AC power is like a trusty work-horse. DC is like a rhinoceros.
AC power is easy to manage because it reverses polarity 100 times a second, which means you have a zero-crossing for voltage and a zero-crossing for current (not necessarily at the same time). This means AC arcs tend to self-extinguish, and switching hardware has an easy time of it.
Higher voltage DC power has no zero-crossings. Thus, once an arc begins, it cannot be reasoned with, it does not know pity or remorse or fear and absolutely will not stop, ever, until your entire machine is magic smoke.
That was 600V. 230VAC will rectify into 325VAC, more than half that.

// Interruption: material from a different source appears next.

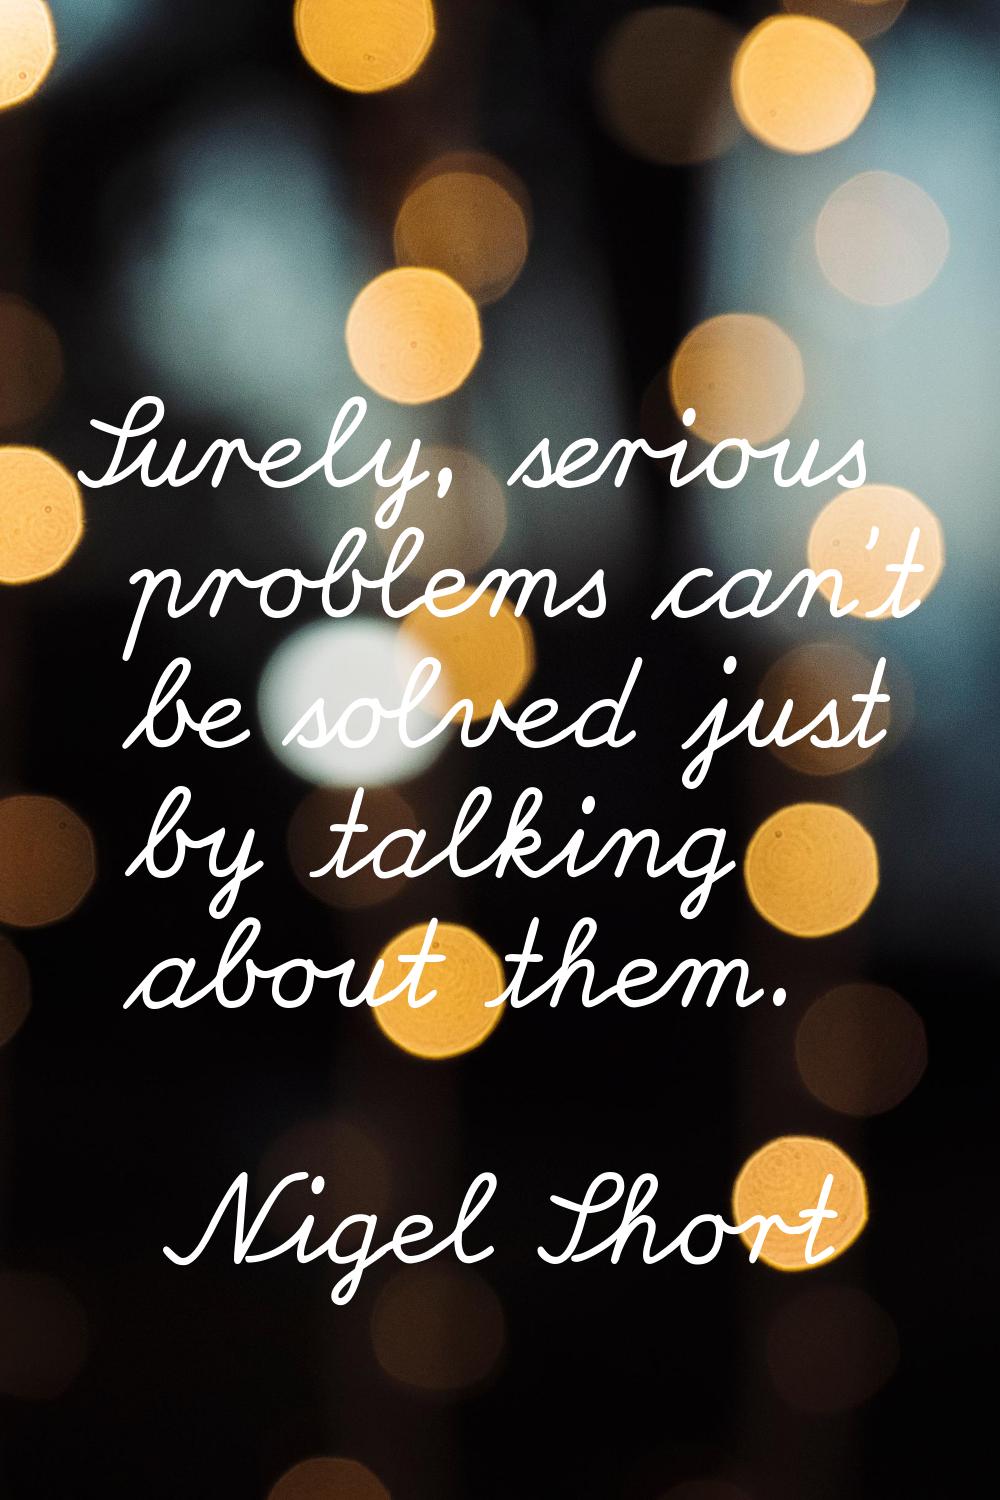 Surely, serious problems can't be solved just by talking about them.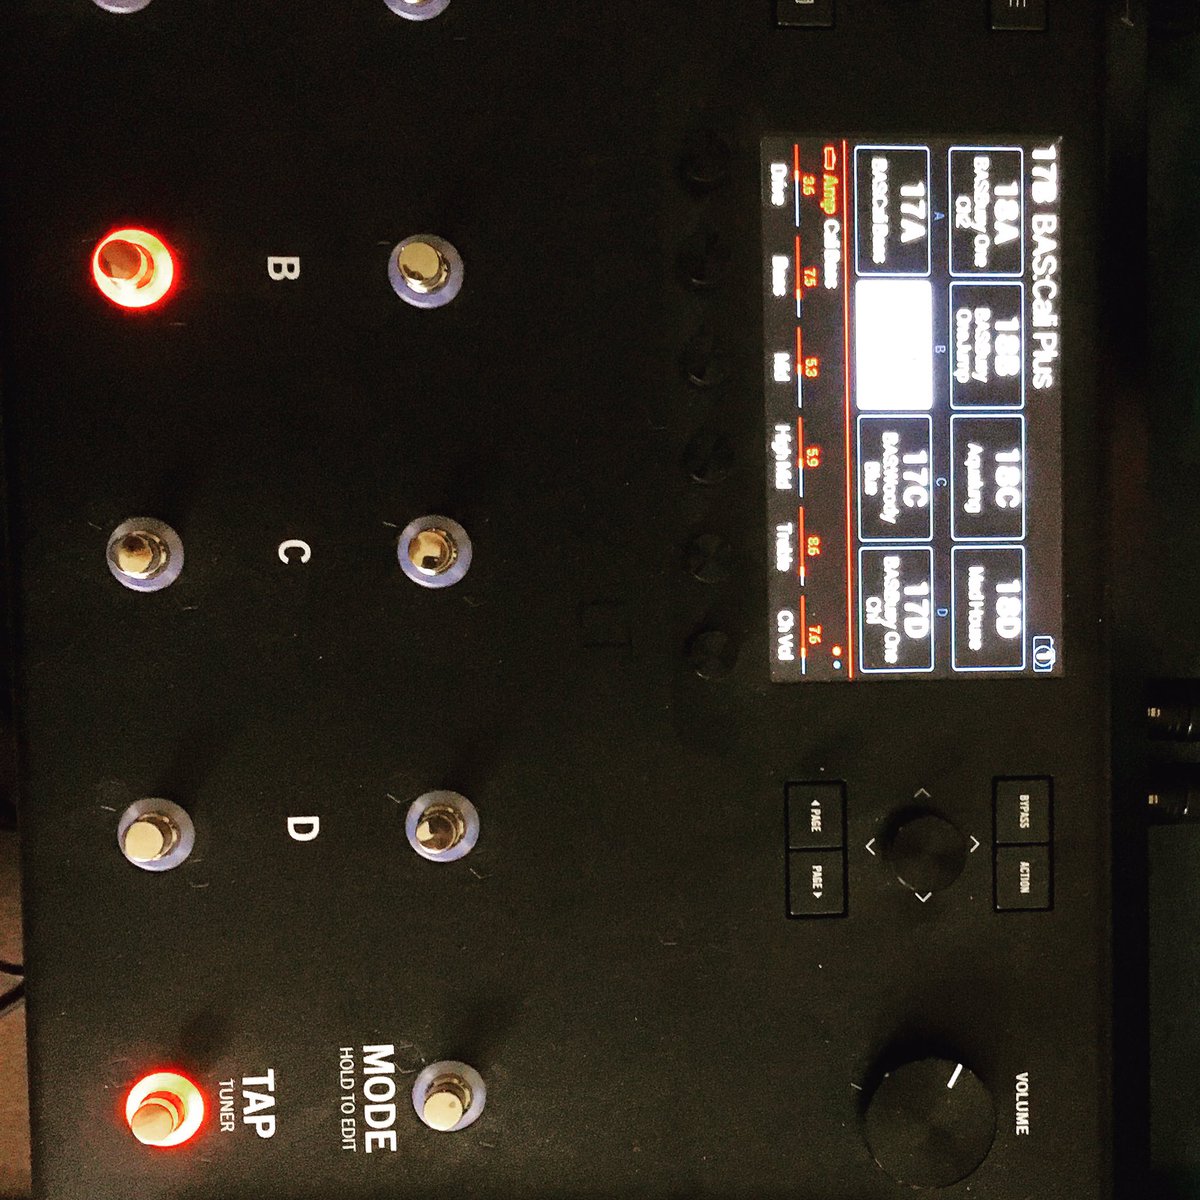 Today working on new bass sounds with my #helix @Line6. I’m so happy with this great #guitarprocessor!

It won't make a hill-of-beans difference in heat
Rectified bouncy-ball DC is exactly the same power as regular old AC. As dandavis mentions, you would lose a tiny bit in diodes and devices (but then, heat is your objective).
Making it DC doesn't make it more controllable
As discussed, less controllable. You're thinking "MOSFET" because that's the tech you're familiar with. But AC has its own tech that's just as good if not better -- the triac.
Look at any random $12 AC light dimmer. It is a triac. This is extremely simple and cheap because the triac doesn't need to interrupt AC power - the AC zero crossing will switch the triac off automatically.
The dimmer only turns the triac on.
Since a power half-cycle is 10ms (8.33 in 60Hz land), you can simply wait n milliseconds from zero to turn the triac on, with "n" being the variable. It's not linear - you must think of the power content underneath the sinewave - but it's easy.
Of course, this degrades your power factor, so you may want to think about that.